Choosing safe sleeping pills depends on how severe a person's insomnia is, and which other medications he is taking. If insomnia occurs only on occasion, over-the-counter sleeping pills are usually safe. The active ingredients in these tablets include diphenhydramine and acetaminophen. The combination of these two ingredients quickly induce sleep, but can cause daytime drowsiness.
Sometimes, insomnia can be disruptive to a person's daily routine. He might experience profound daytime sleepiness that prevents him from doing his job or impedes his driving skills. In these cases, a physician needs to be notified so that an effective treatment plan, which might include safe sleeping pills, can be employed. Before the physician prescribes general sleeping pills, he will usually take a detailed medical history and ask the patient if he is taking other medications.
Although medications prescribed by a doctor are generally considered safe sleeping pills, they can cause significant side effects. These can include profound tiredness, dizziness, and dry mouth. In addition, the pills can cause urinary retention, itchy skin, and dry eyes. Also, even safe sleeping pills can cause addiction or dependence, and should only be taken in extreme cases of insomnia, and only under the strict supervision of the physician.
Prescription sleeping pills should not be confused with anti-anxiety medications. These drugs are very effective in treating symptoms of anxiety such as insomnia and anxiousness, but they are not classified as prescription sleeping pills. Some prescription sleeping pills are popular and commonly used, however, taking them for extended periods of time can render them less effective over time, and cause major side effects such as sleepwalking.
Both over-the-counter and prescription sleeping pills have side effects, and simply because sleep preparations can be obtained without a prescription, does not automatically make them safe sleeping pills. In fact, sleeping pills of any type can intensify the effects of certain medications, including some heart medications, anti-anxiety medications, and certain analgesics.

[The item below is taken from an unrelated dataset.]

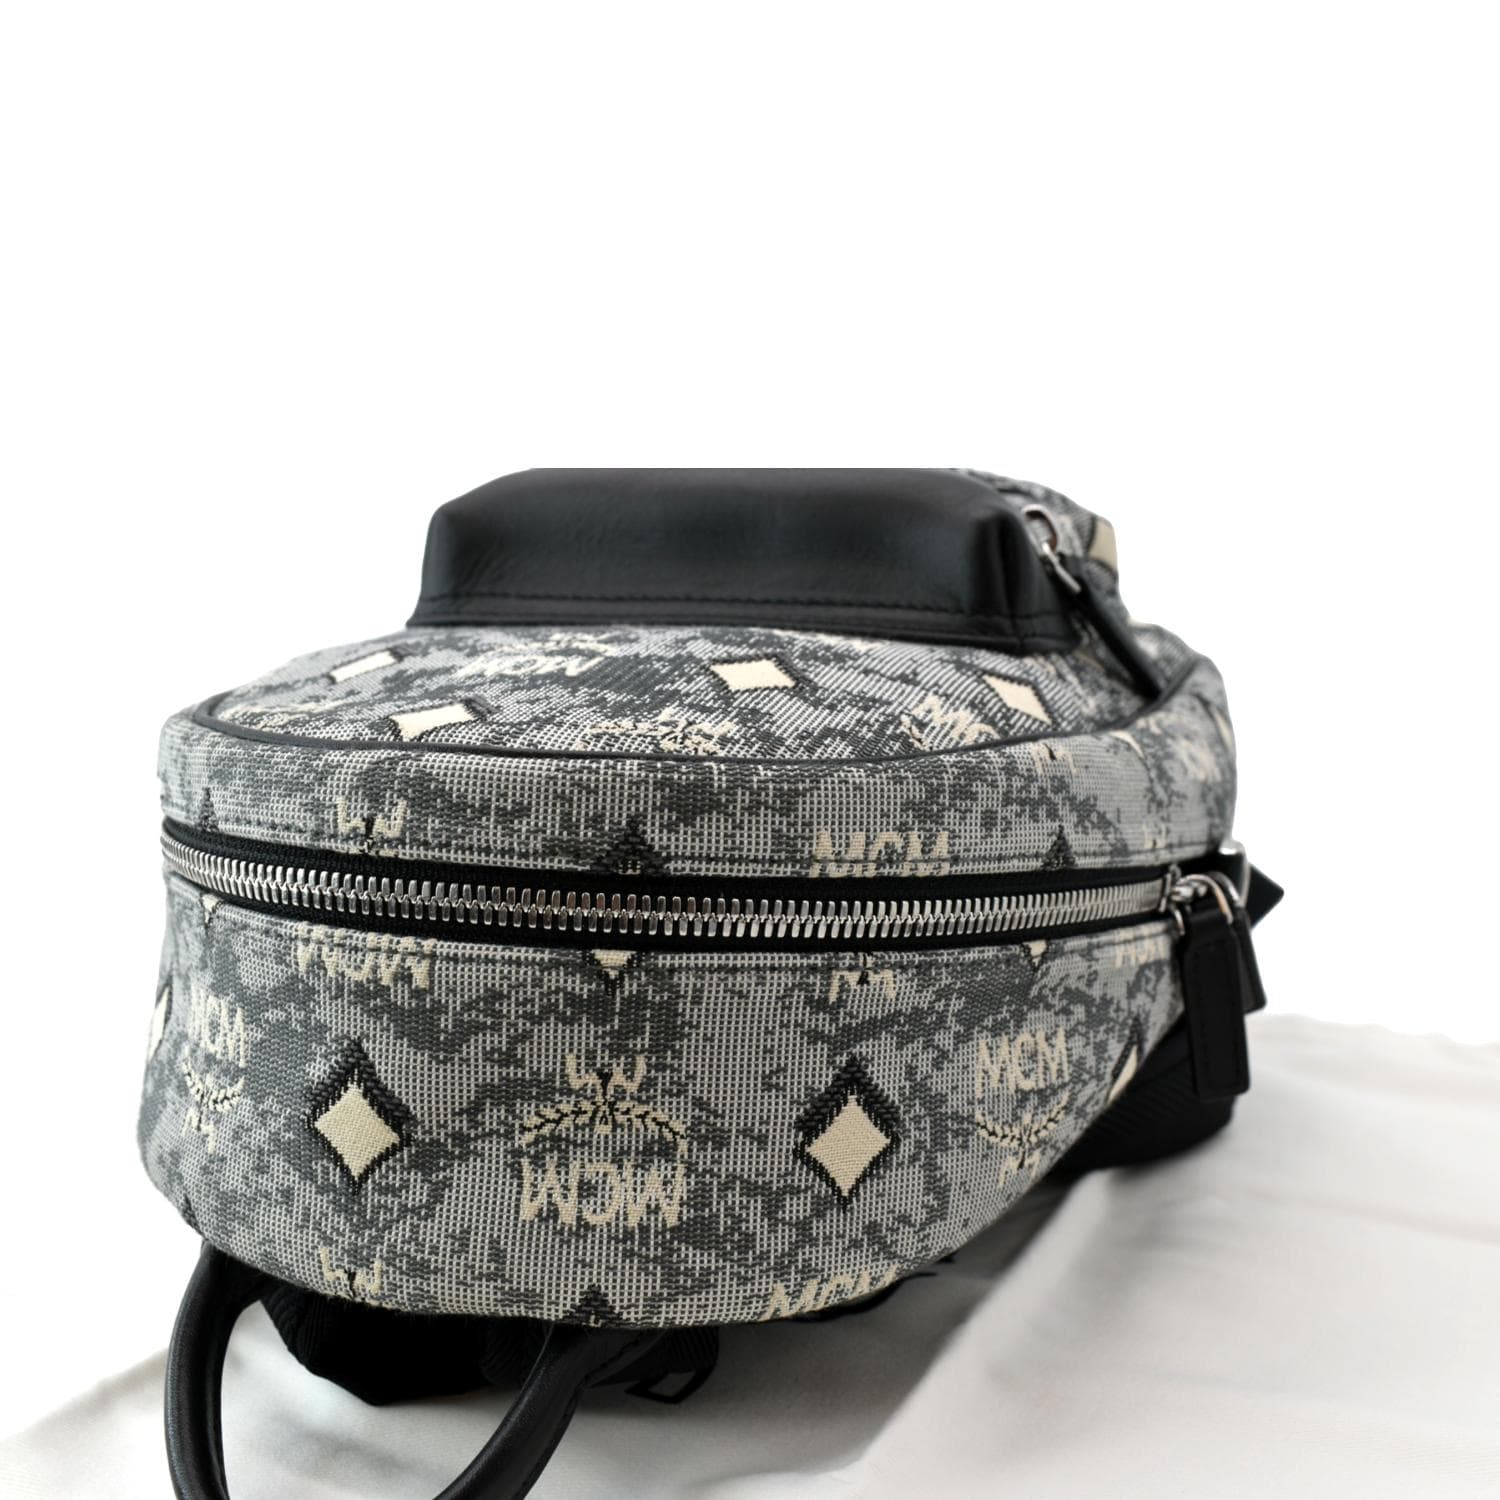 Medium Retro Dual Stark Backpack in Visetos Black

Sleeping pills should never be taken will alcoholic beverages, because even safe sleeping pills, in combination with alcohol, can be dangerous. Sleeping pills not only intensify the effects of alcohol, mixing the two can be deadly. If an person accidentally mixes alcohol and sleeping pills, an emergency medical evaluation and intervention is required because a delay in treatment can prove fatal. A gastric lavage, or "stomach pumping" can be done in the emergency room to remove the mixture from the stomach.